- How to complete this task
Once "Marcardores Bioquímicos en" turns up in a line below, reproduce that line and those after it exactly, stopping after the line with "Art Deco Old"; leave pictures out.

- Data in this exercise
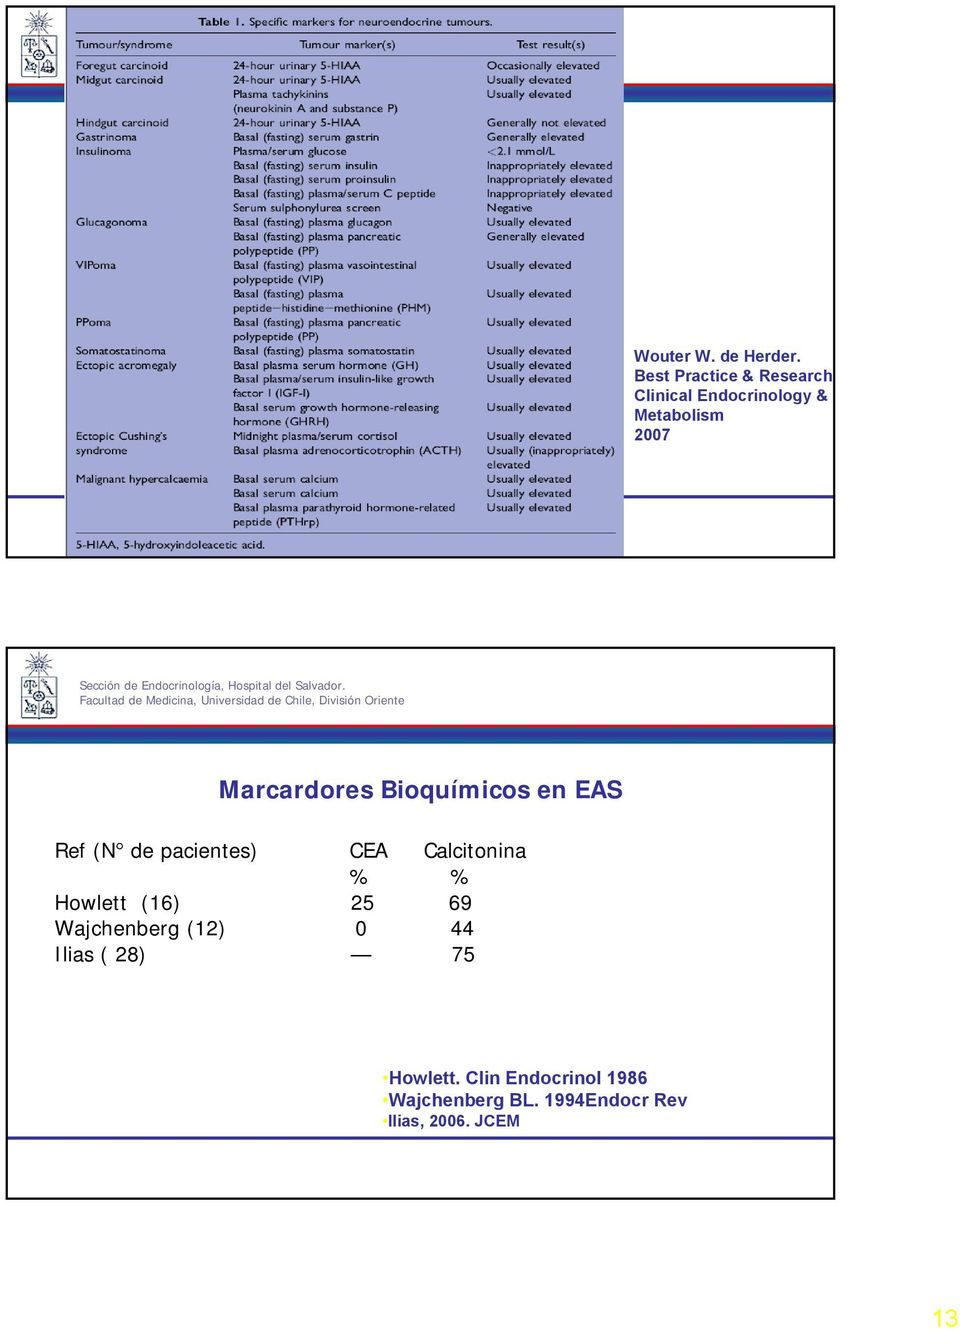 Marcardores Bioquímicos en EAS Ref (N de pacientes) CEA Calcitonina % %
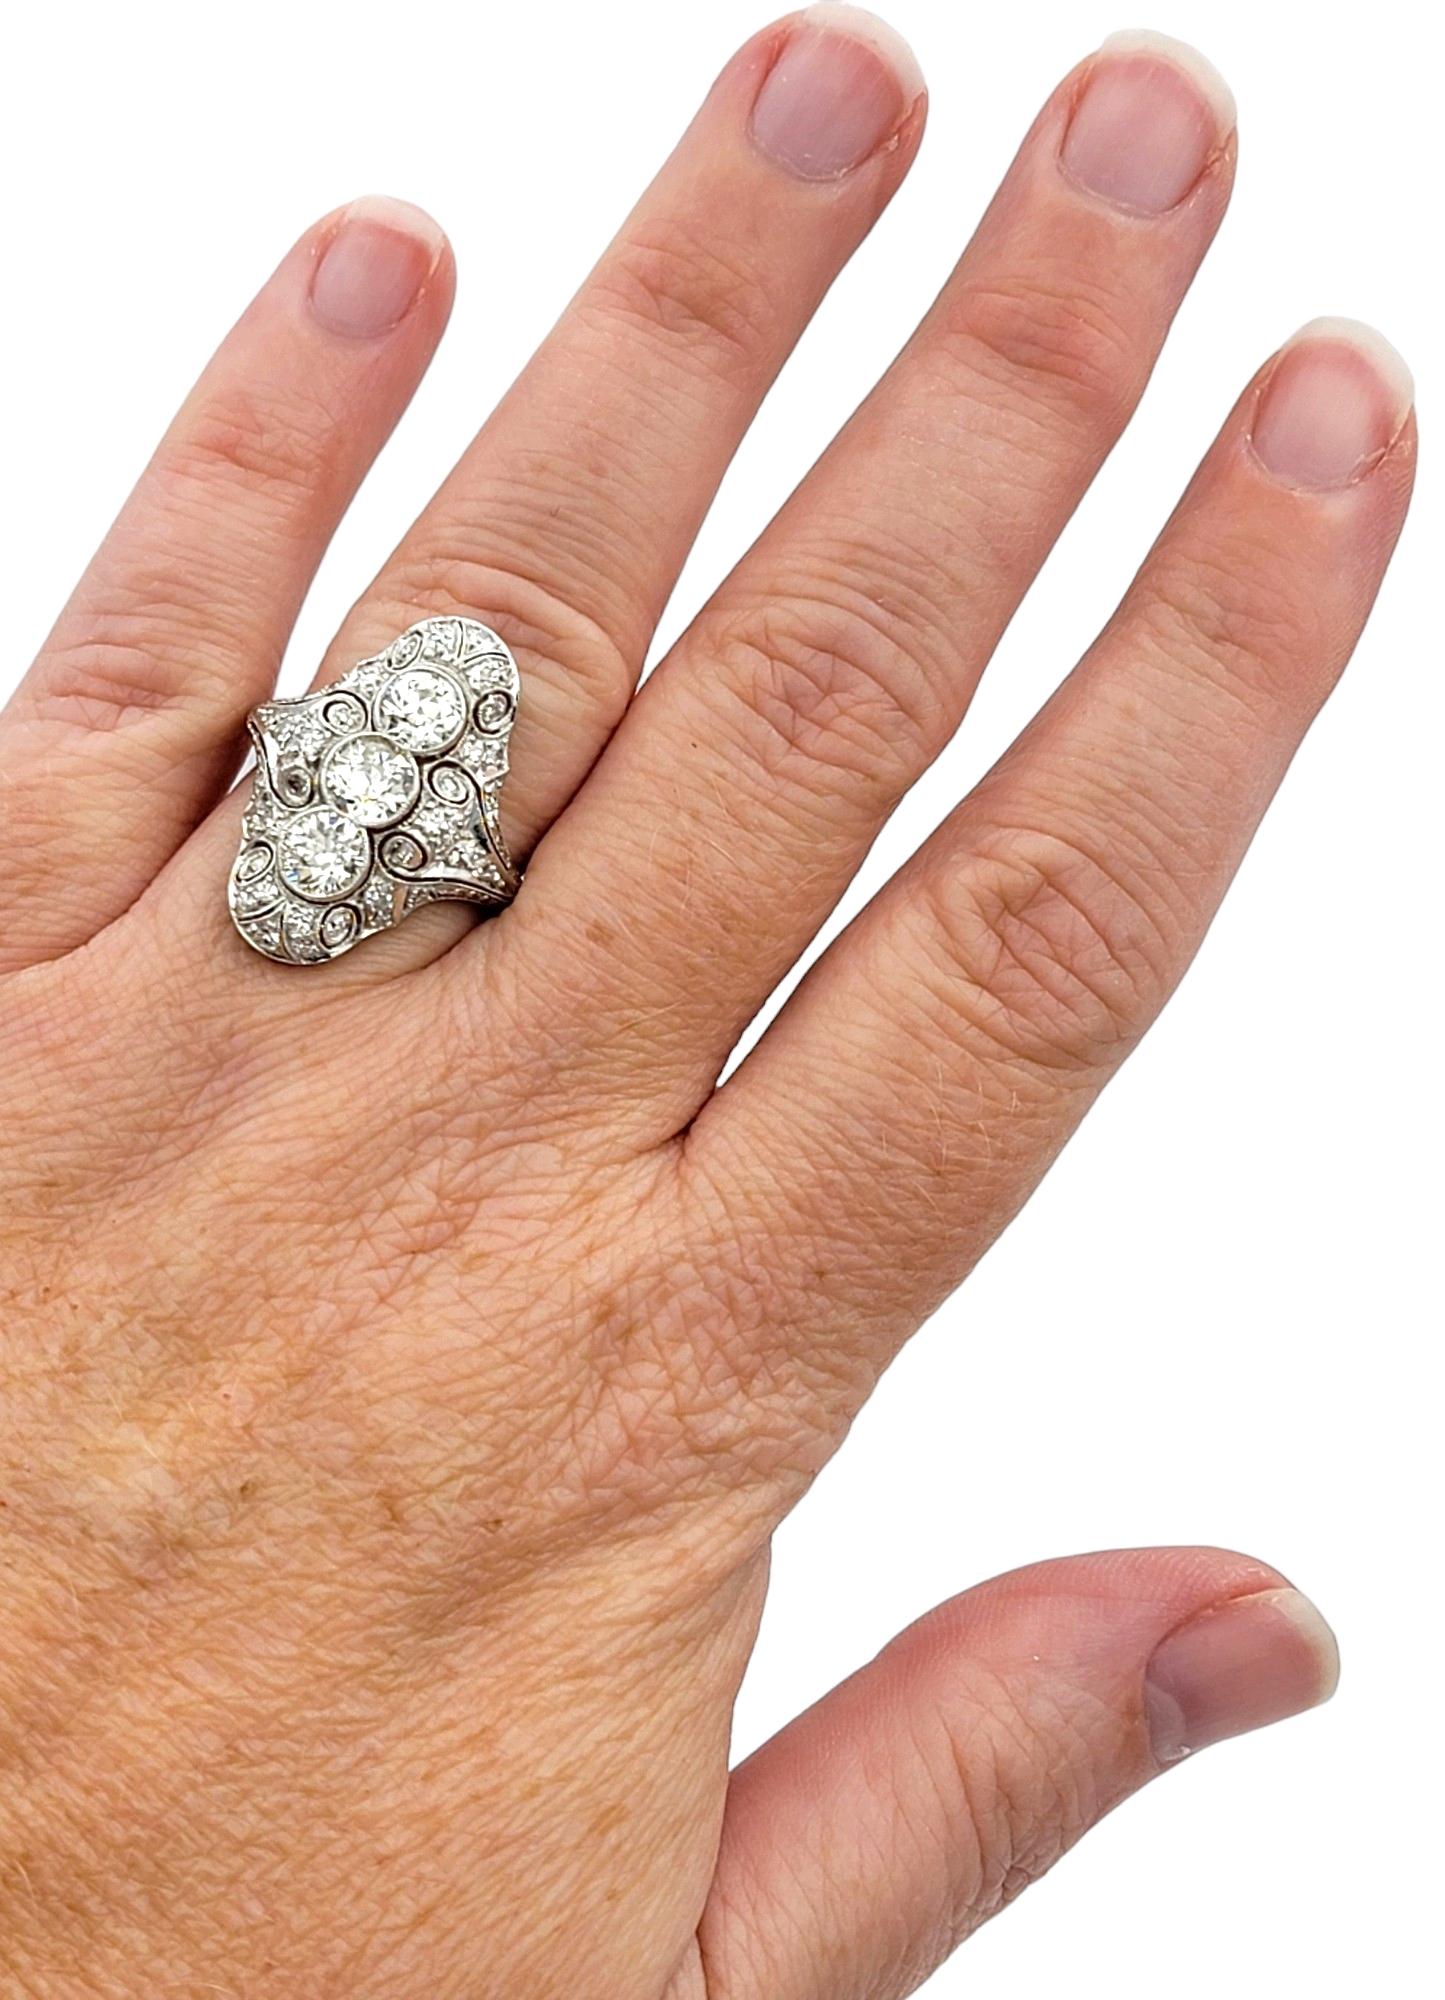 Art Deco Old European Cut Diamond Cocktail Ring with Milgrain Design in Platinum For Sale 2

...

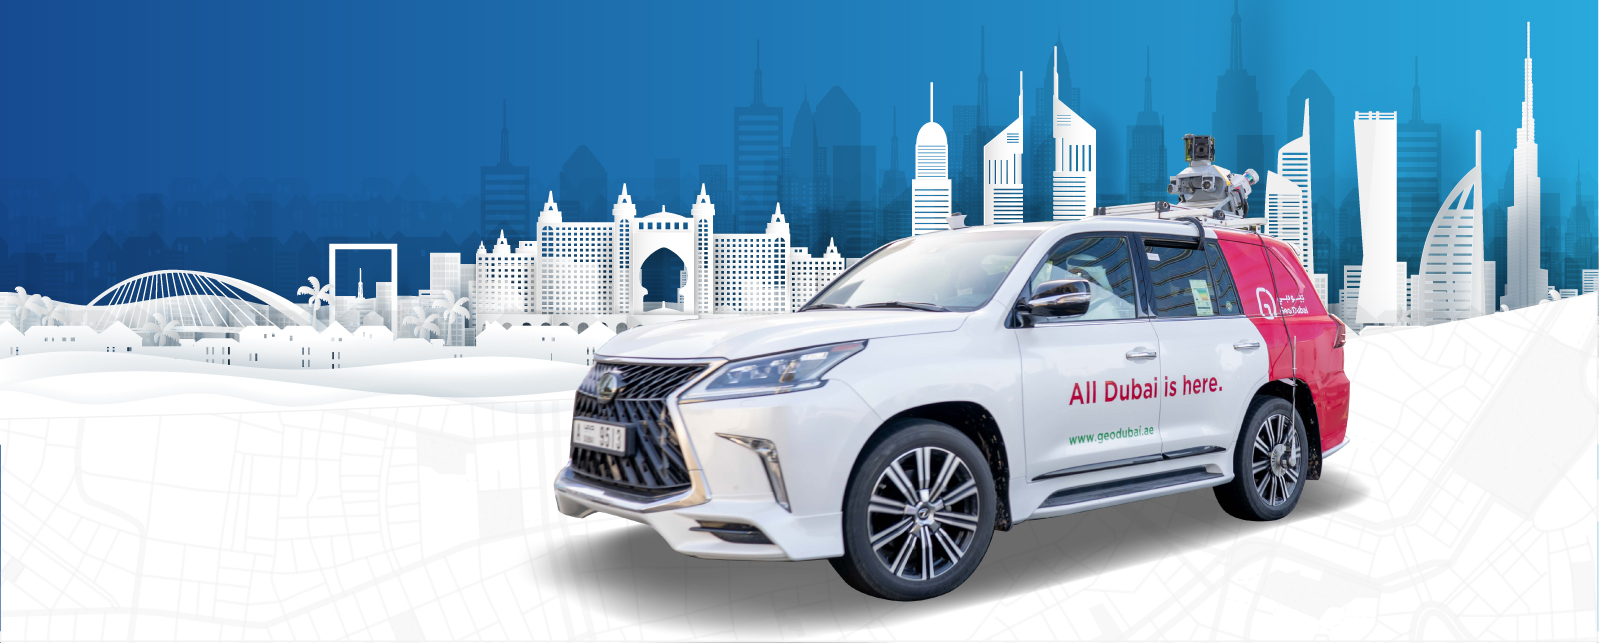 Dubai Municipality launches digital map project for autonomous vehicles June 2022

--

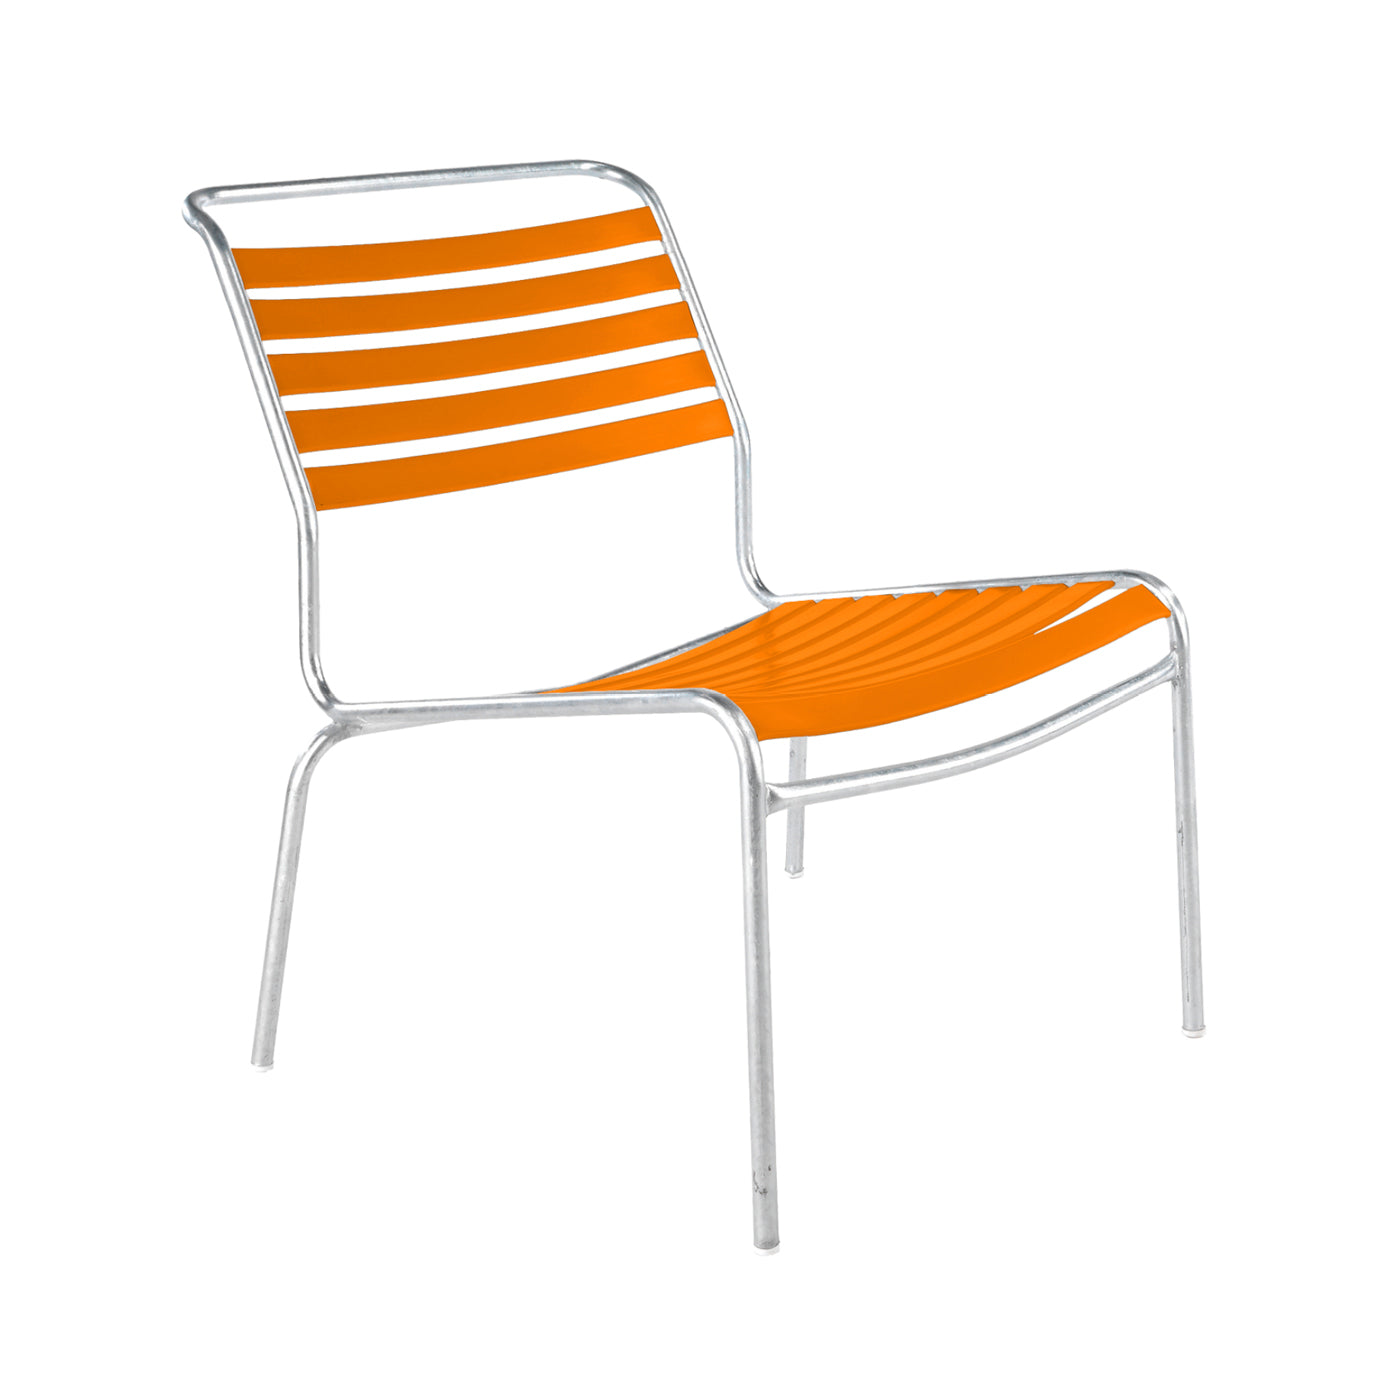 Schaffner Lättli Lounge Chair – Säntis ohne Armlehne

- Expected answer
 Marcardores Bioquímicos en EAS Ref (N de pacientes) CEA Calcitonina % %
 Art Deco Old European Cut Diamond Cocktail Ring with Milgrain Design in Platinum For Sale 2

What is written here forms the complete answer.